Dividends and Why Option Contracts are Adjusted?

  by Tyler Curtis

by Tom Doan

When a company declares a special cash dividend, optionsXpress sends emails to investors holding that particular stock saying “underlying option strikes have been reduced accordingly and all open equity and option orders have been cancelled.” These emails cause a fair amount of confusion.  I receive many phone calls asking about the situation and what they should do. In order to know what action to take, we must first understand what this message means.

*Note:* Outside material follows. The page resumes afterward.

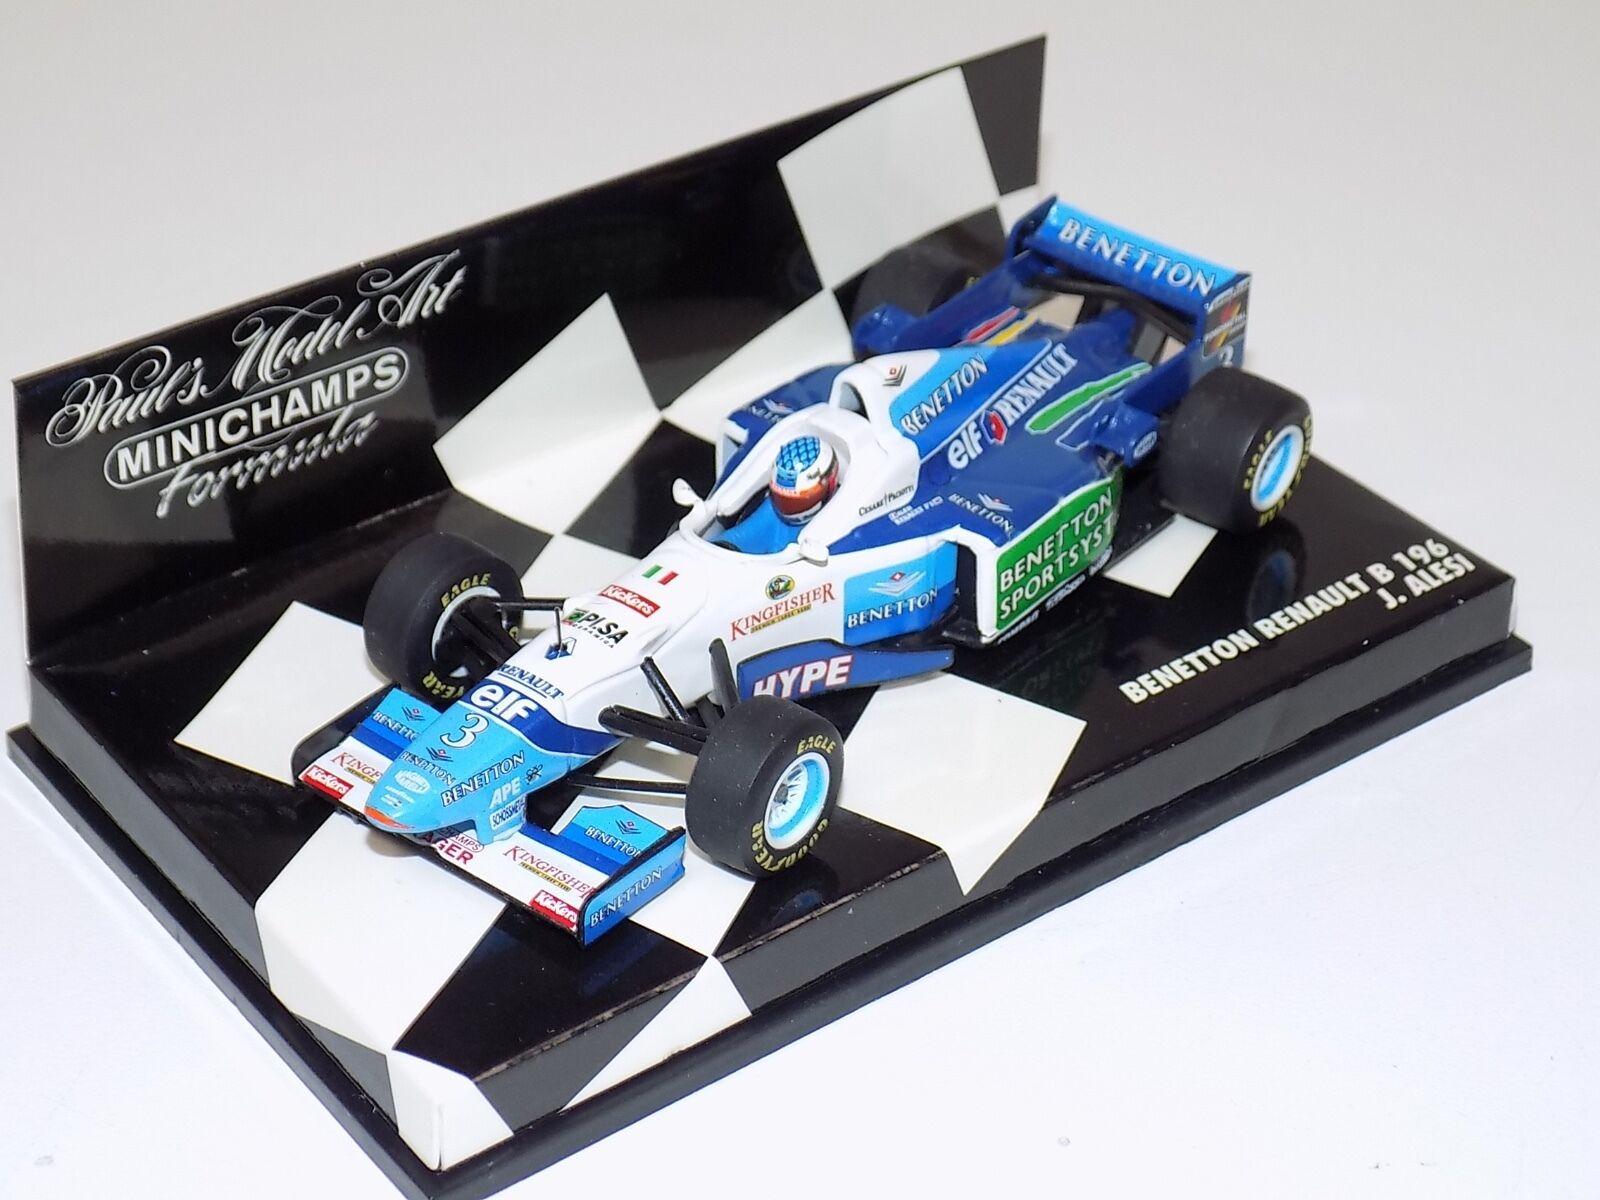 entrega gratis 1 43 Minichamps F1 fórmula 1 Renault Renault Renault B196 Benetton J. Alesi 1996

A special cash dividend is different than a regular dividend. Unlike a regular dividend, a special cash dividend is non-recurring, meaning it is not provided on a regular schedule such as a quarterly basis. When a company pays a dividend, the stock price will fall by the same amount since the amount paid from the dividend no longer belongs to the company but rather the individual shareholders. Option premiums take into account regular dividends since investors know when to anticipate the dividend. However, since special cash dividends are non-recurring and unpredictable, option premiums cannot take them into account. As a result, when the special dividend is declared, the strike prices are adjusted downward by the dividend amount, hence “underlying option strikes have been reduced accordingly.”

Also upon the payment of a special dividend is “all open equity and option orders have been cancelled.” Since the stock price and strike prices have been reduced, all open orders are cancelled. Many clients confuse this with open options, thinking that the open options they sold last month are no longer valid. This is not true because those orders have already been executed and are no longer open, only the strike prices have been adjusted.

In the Snider Method, whenever one of your positions distributes a special cash dividend and you receive the email, what you have to do is: nothing. The dividend does not affect your position, it only adjusts the strike price. Just make sure that if shares are called away, use the adjusted strike price to calculate the profit rather than the original strike price.